As this item was being completed an email arrived from our favourite liquor provider. It invited us to…

Celebrate Matariki with our best Pinot Noir deals

Skye Kimura, we imagine, will see red. We would rather sample it and make a small contribution to the retailer’s cash flow.

Point of Order is a blog focused on politics and the economy run by veteran newspaper reporters Bob Edlin and Ian Templeton


DeeM said...

Considering the way Maori were frequently knocking ten bells out of each other pre 1840, it does make you wonder whether the reason for Matariki given by all our Maori cultural advisors - love and respect, remembrance and unity - were actually practised much at all prior to our current Woke Age.
I suspect not. This is just another fairytale narrative spinning the line that Maori were far more deeply in tune with the spiritual and cultural until the bad Brit turned up and ruined everything.
The reality is too shocking to contemplate and would shatter Maori aspirations for co-governance and a superior position in all things.

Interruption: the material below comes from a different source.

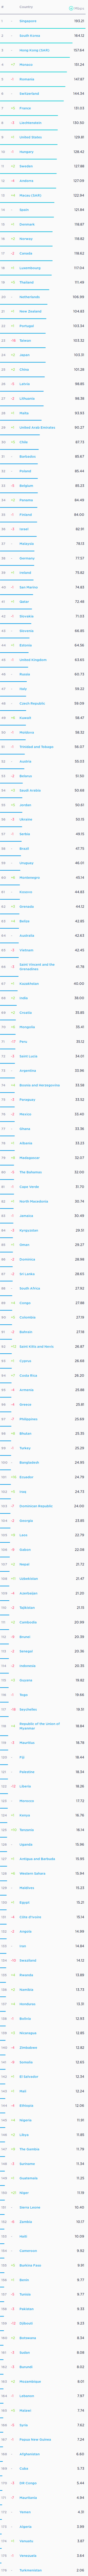 Screenshot_2020-01-13 Speedtest Global Index – Monthly comparisons of internet speeds from around the world(1).png
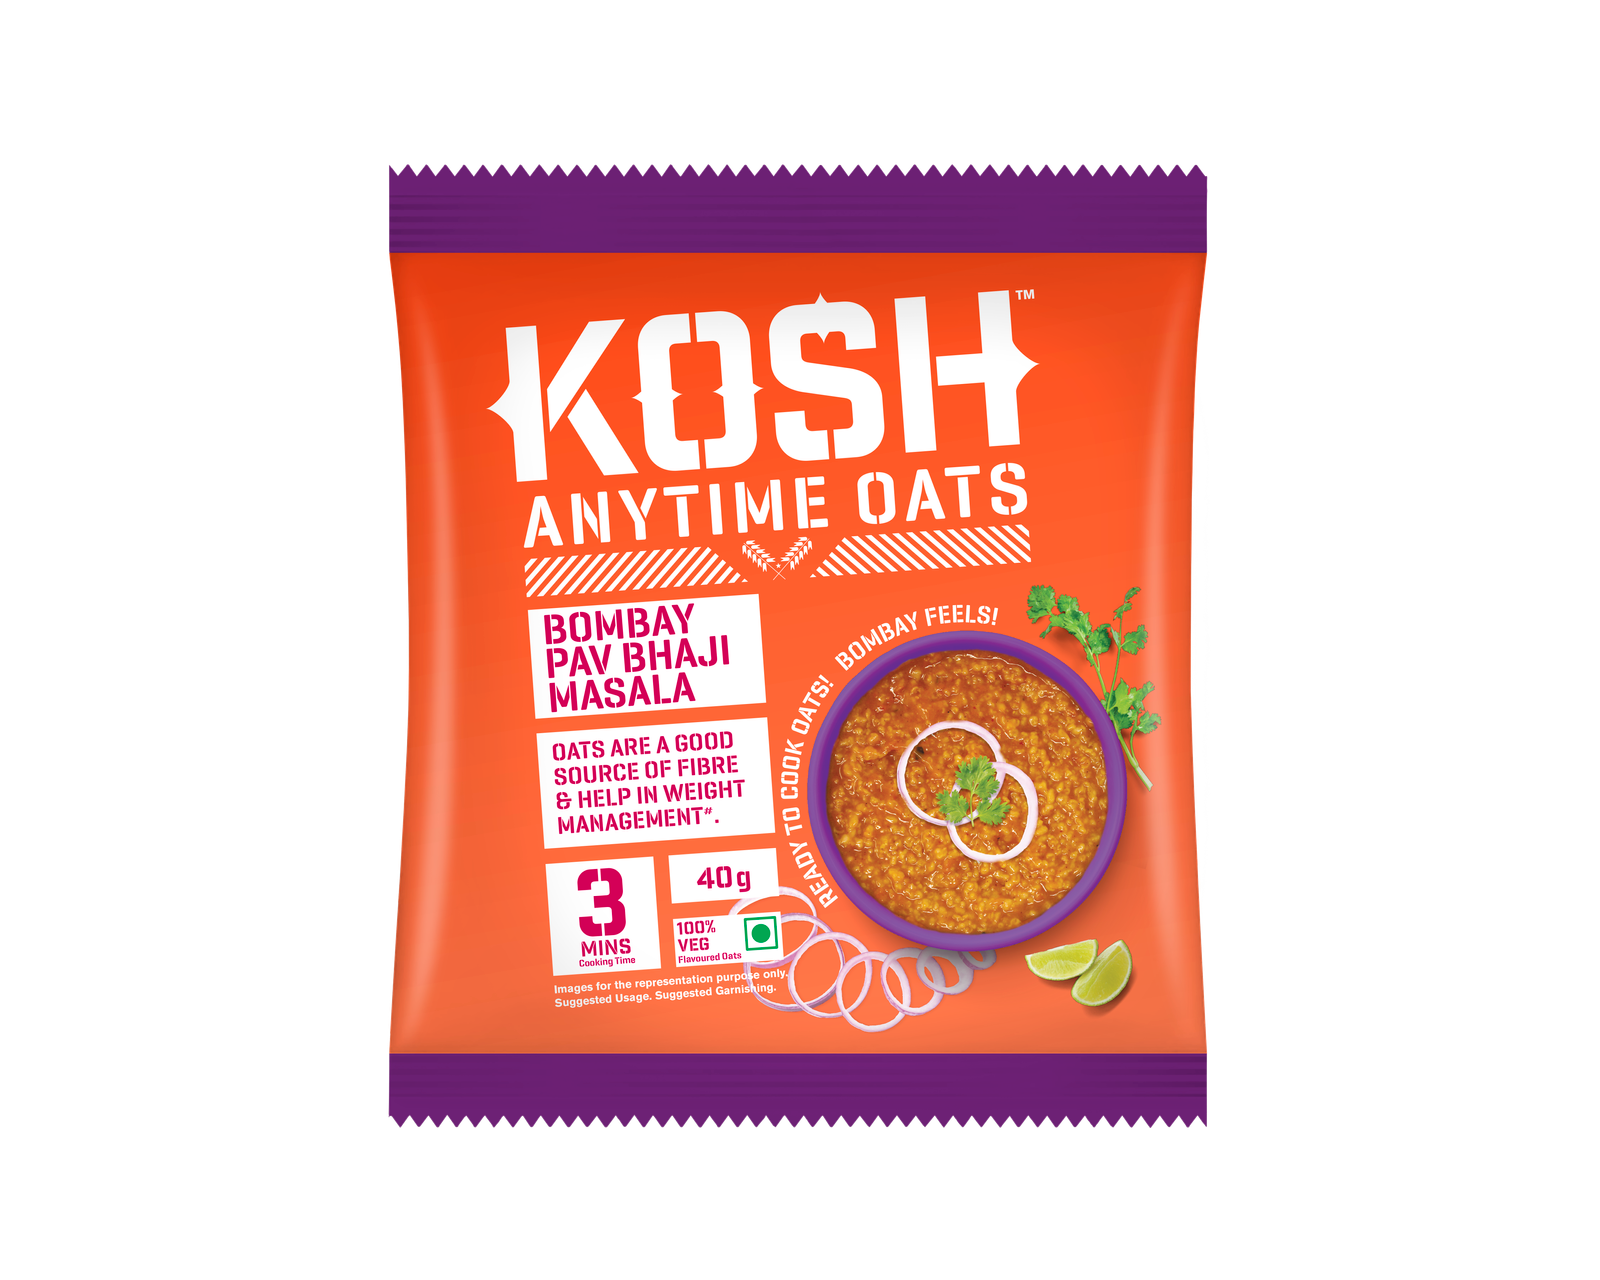 kosh-instant-oats-launches-a-new-range-with-three-new-flavors

The trouble is, lies have a habit of getting out. Yet more propaganda from our government of disinformation.

robert Arthur said...

All the Matariki promotion on TV is blatant indirect support for the current maori advancemnt agenda. I wndwe who paid for all the promotional psuedo advertisements.

RayS said...

The celestial event Maori call Matariki. is / was observed by many cultures around the world. To claim the event for Maori is mischievous and insulting to others who practice belief but dont lay claim.

Anonymous said...

Joel Polack a trader here in 1835-1839 said that Maori knew one star as Matariki, he explained to them the constellation and the names of the other stars. Samuel said when he visited in 1814 that Maori were very superstitous rather than spiritual and had not left New Zealand as they had no world view.